No Turcy z Anderlechtem u siebie sie nie popisali i zremisowali tylko 1-1 wiec bedzie ciezko. No ale trzeba miec nadzieje ze urwa punkty bvb.
wow a wiedzieli ze Legia gra dzisiaj w Lidze Europy o 18?!
jest jeszcze dobry kurs ze borussia strzeli w 1 polowie 1,62. a wydaje mi sie ze z dziurawa obrona galaty to wlasnie borussia obejmie prowadzenie.
Moim zdaniem tak.
myslicie ze leverkusen wygra dzis ?
Mam nadzieje ze chlopaki dadza dzis rade. Siwy dostanie prezent w postaci trzech punktow i bedzie gitara. I niech Turcy powalcza z Borussia.
mnie dzis martwi tylko nasz bramkarz, tak to nie powinnismy miec najmniejszych problemow.
@True, bierz gdzie się da, bo i zaraz wszystko ci wykupią
a jak nadal masz to north bank
@thide
Nawet jeśli Anderlecht pod pewnymi względami przewyższa Hull, to i tak wg mnie jest to drużyna dużo bardziej "leżąca" nam niż Tygrysy.

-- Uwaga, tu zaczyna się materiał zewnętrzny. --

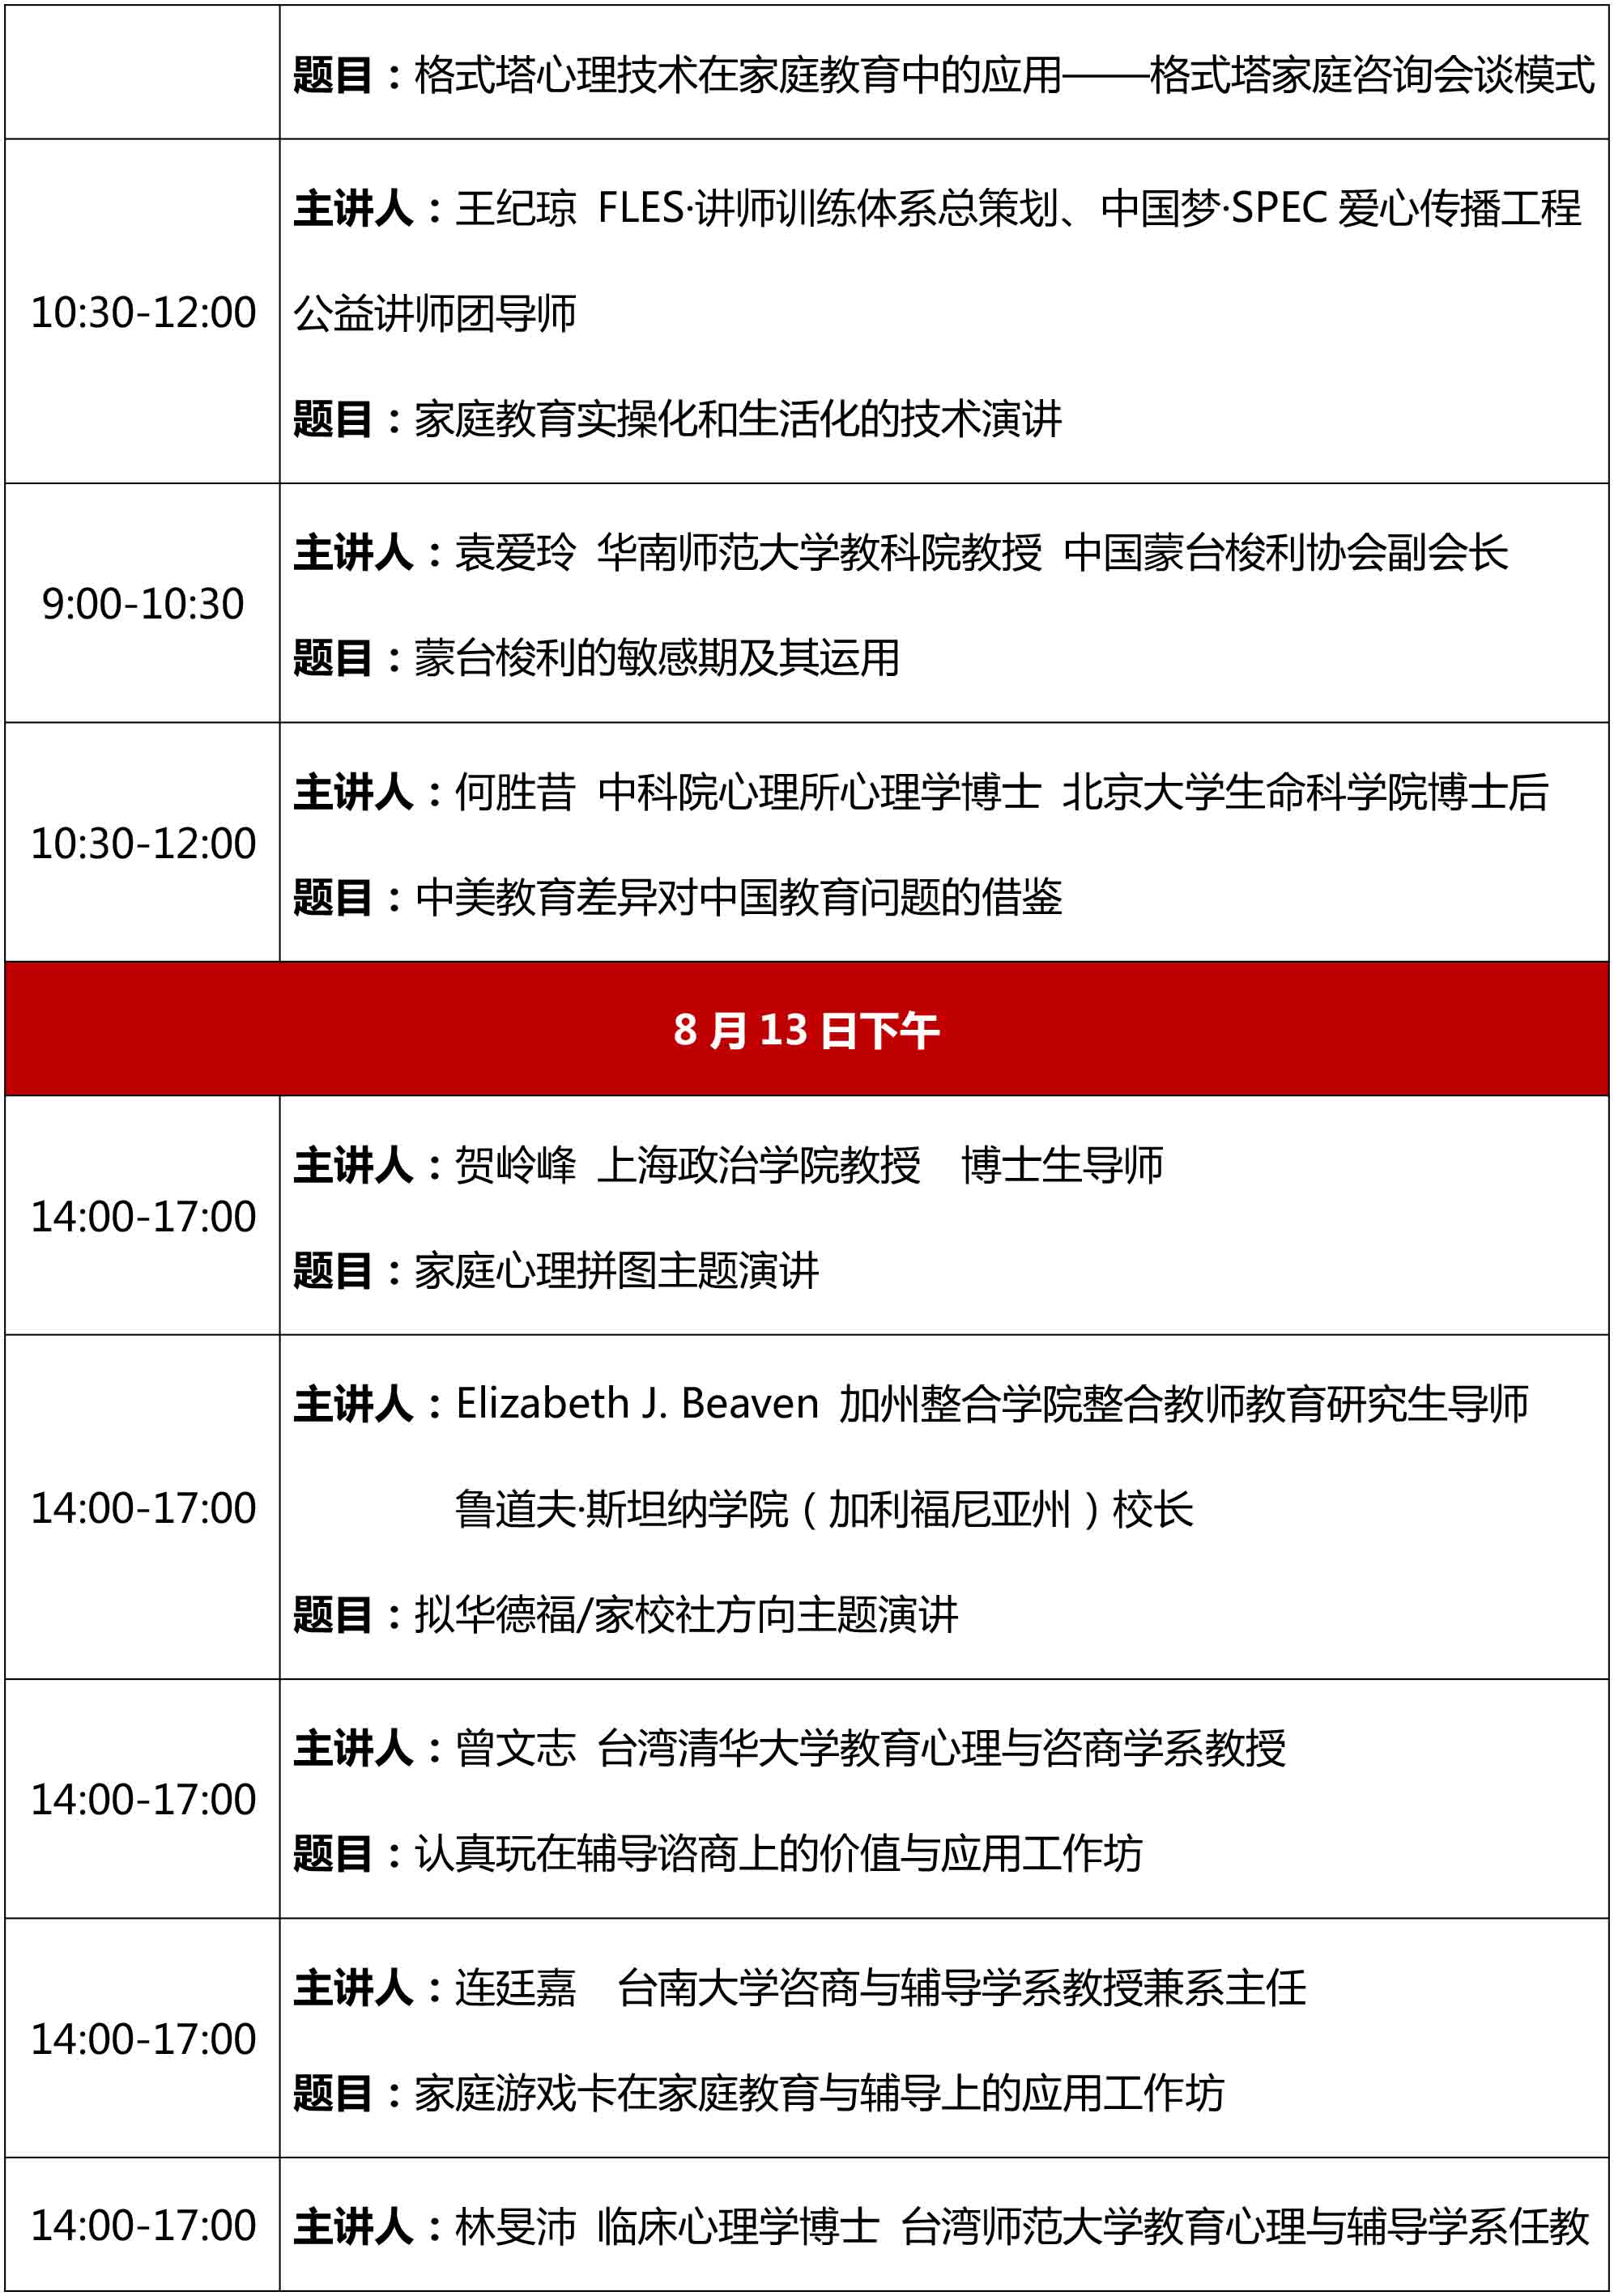 2017第十一届中国心理学家大会暨应用心理学高峰论坛 
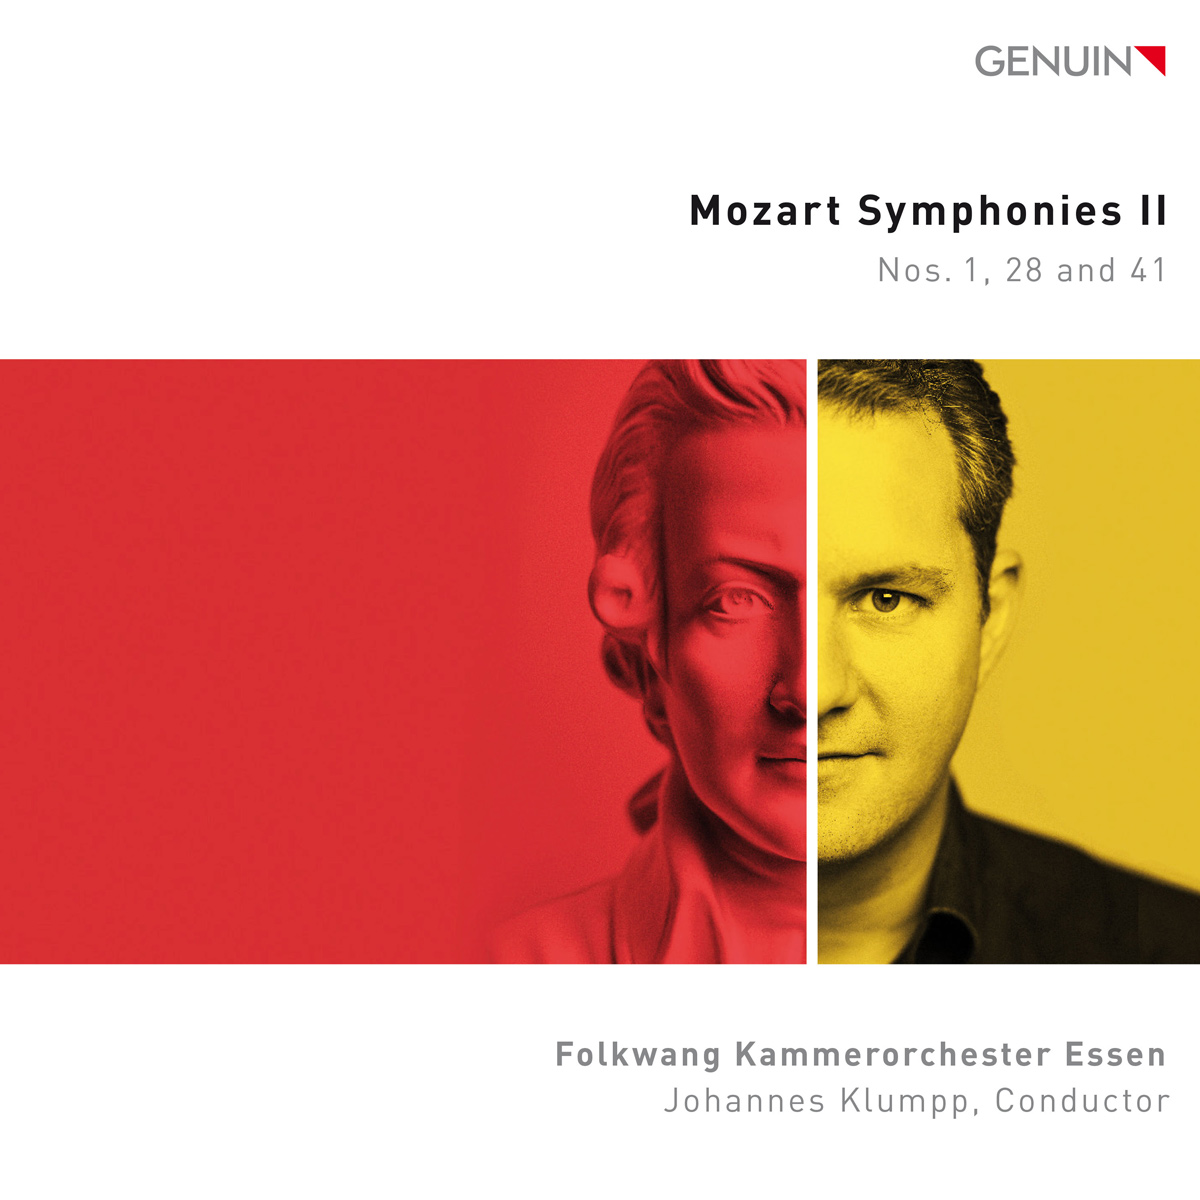 CD album cover 'Mozart Symphonies II' (GEN 22783) with Folkwang Kammerorchester Essen, Johannes Klumpp

To, że ostatnimi czasy idzie im niezle, a na dodatek czują krew po naszych słabych ostatnich meczach powinno ich zgubić, bo spróbują zaatakować. Na pewno nie mają takich indywidualności jak Hull, a jeśli zdecydują się na wymianę ciosów to czuję, że sobie w miarę spokojnie poradzimy.
Co do samego ustawienia, to wolałbym żeby u boku Merte zagrał Calumn, a na prawej Bellerin. Ale wiadomo jak będzie.
Ziomeczki własnie kupuje bilet na Arsneal-MU gdzie jest sektor najwiekszych spiewaków? North Bank, Clock End?
Pewnie tak, przyda mu się gra po ostatnim słabszym spotkaniu.
Dzis zdobyc trzy punkty.
Myślicie, że zagra dziś OX?
Anderlecht>>>Hull
choć każdy mecz jest inny to wydaje mi się, że będzie dosyć ciężko, ale coś tam wywiozą
@Thide
dokładnie. Czeka nas bardzo ciężki mecz (biorąc pod uwagę naszą dyspozycję i kadrę).
IMO będzie o wiele trudniej niż z turkami.
Anderlecht takim cieniasem nie jest.
Proto, Mitrović, Mbemba, Tielemans, Defour, Praet, Acheampong, Suarez. taki bardziej czarny koń tej grupy.